# [Information supplied]
*** Begin section ***
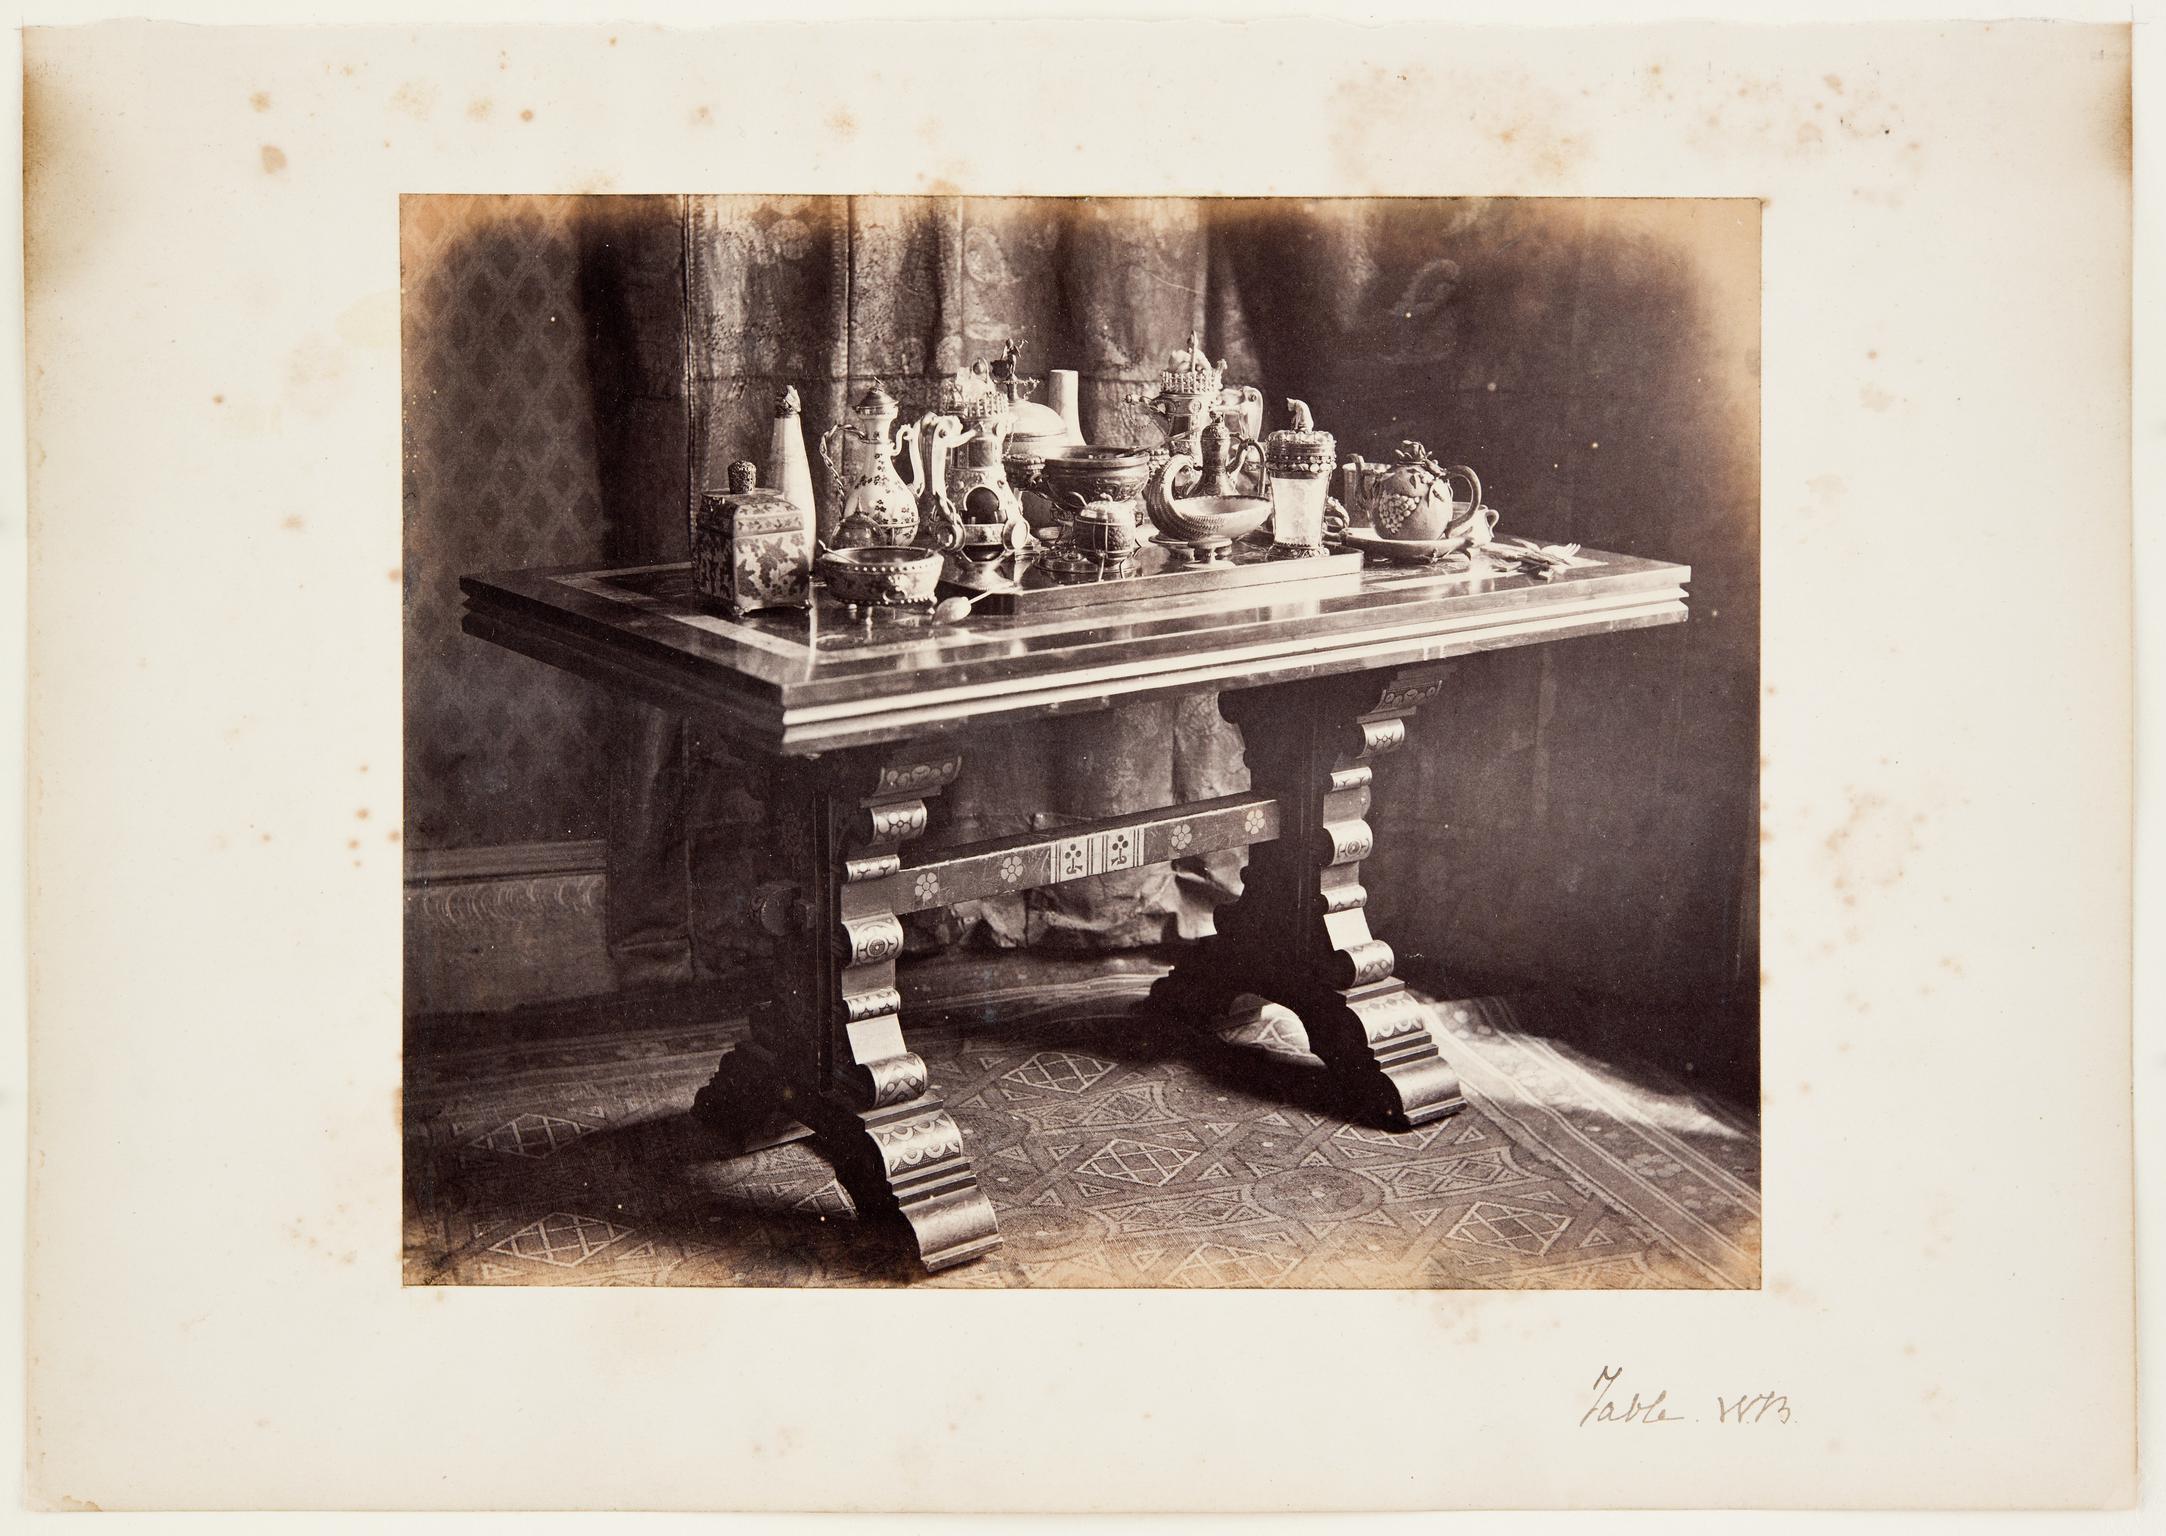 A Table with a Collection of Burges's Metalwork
*** End section ***
*** Begin section ***
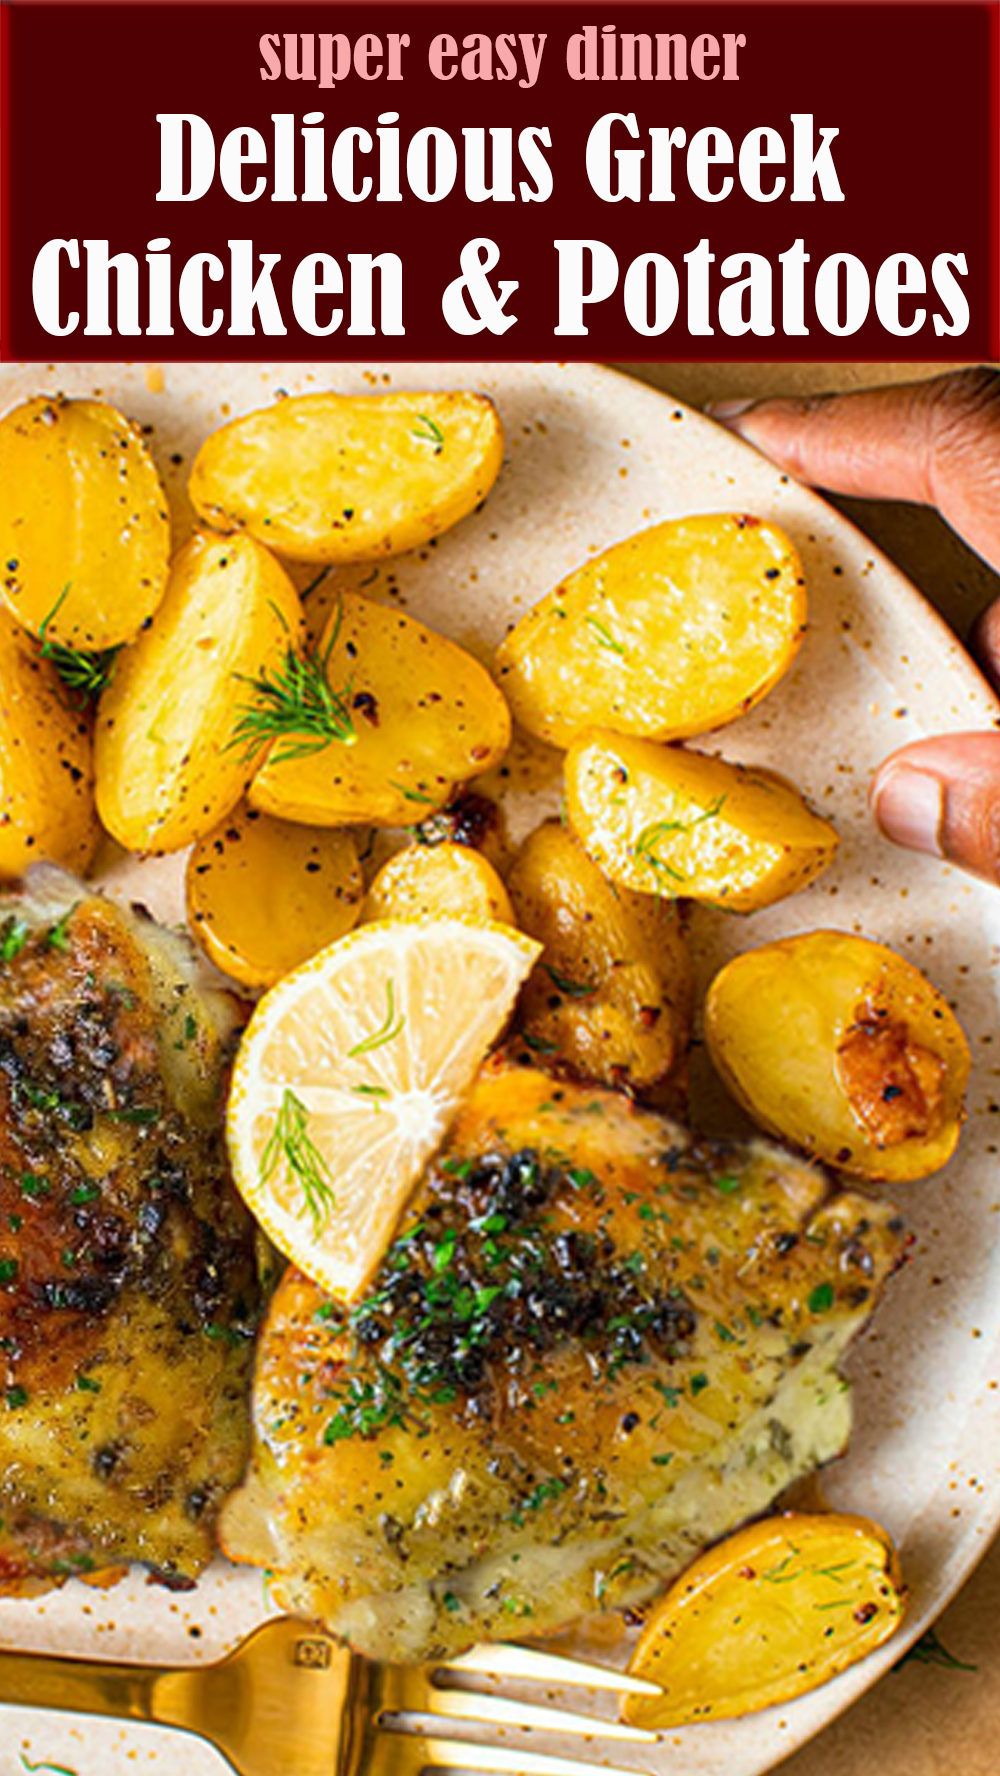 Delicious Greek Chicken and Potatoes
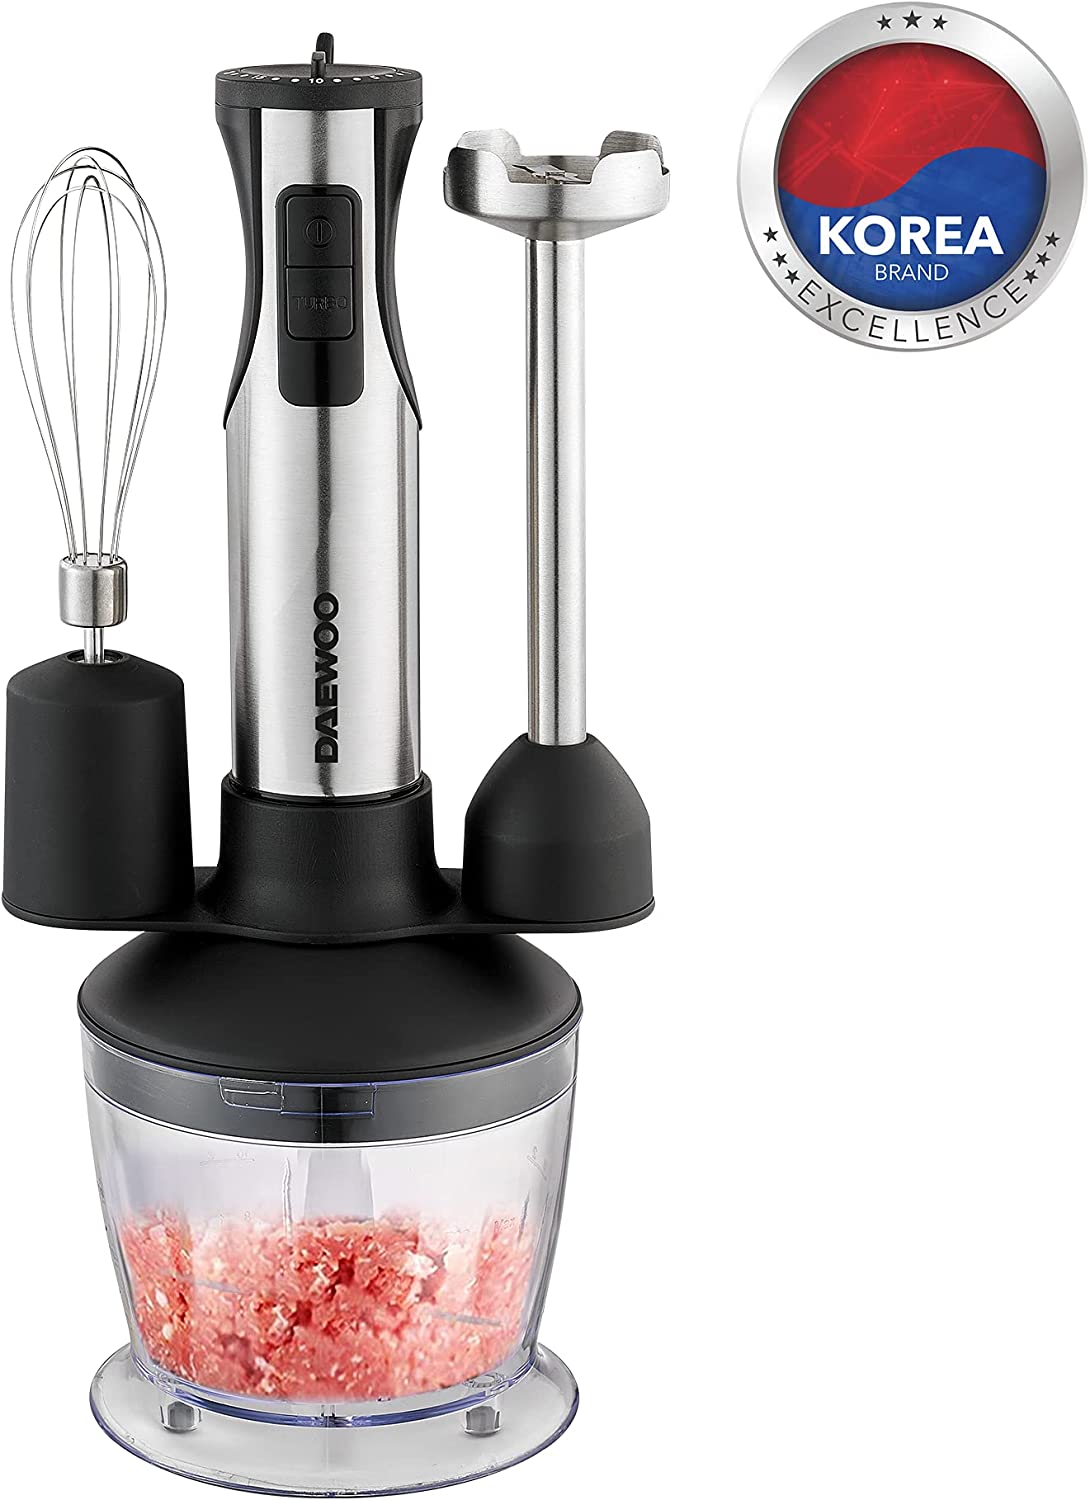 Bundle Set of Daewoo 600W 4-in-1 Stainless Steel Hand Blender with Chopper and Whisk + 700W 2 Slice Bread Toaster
*** End section ***
*** Begin section ***
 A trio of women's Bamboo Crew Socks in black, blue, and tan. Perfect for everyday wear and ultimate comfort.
*** End section ***
# [Exercise directions]
Write back the stretch of lines above that begins with the line holding "Delicious Greek Chicken and Potatoes" and ends with the line holding "Bundle Set of", both included, exactly as written. Pictures stay out.

# [Result below]
 Delicious Greek Chicken and Potatoes
 Bundle Set of Daewoo 600W 4-in-1 Stainless Steel Hand Blender with Chopper and Whisk + 700W 2 Slice Bread Toaster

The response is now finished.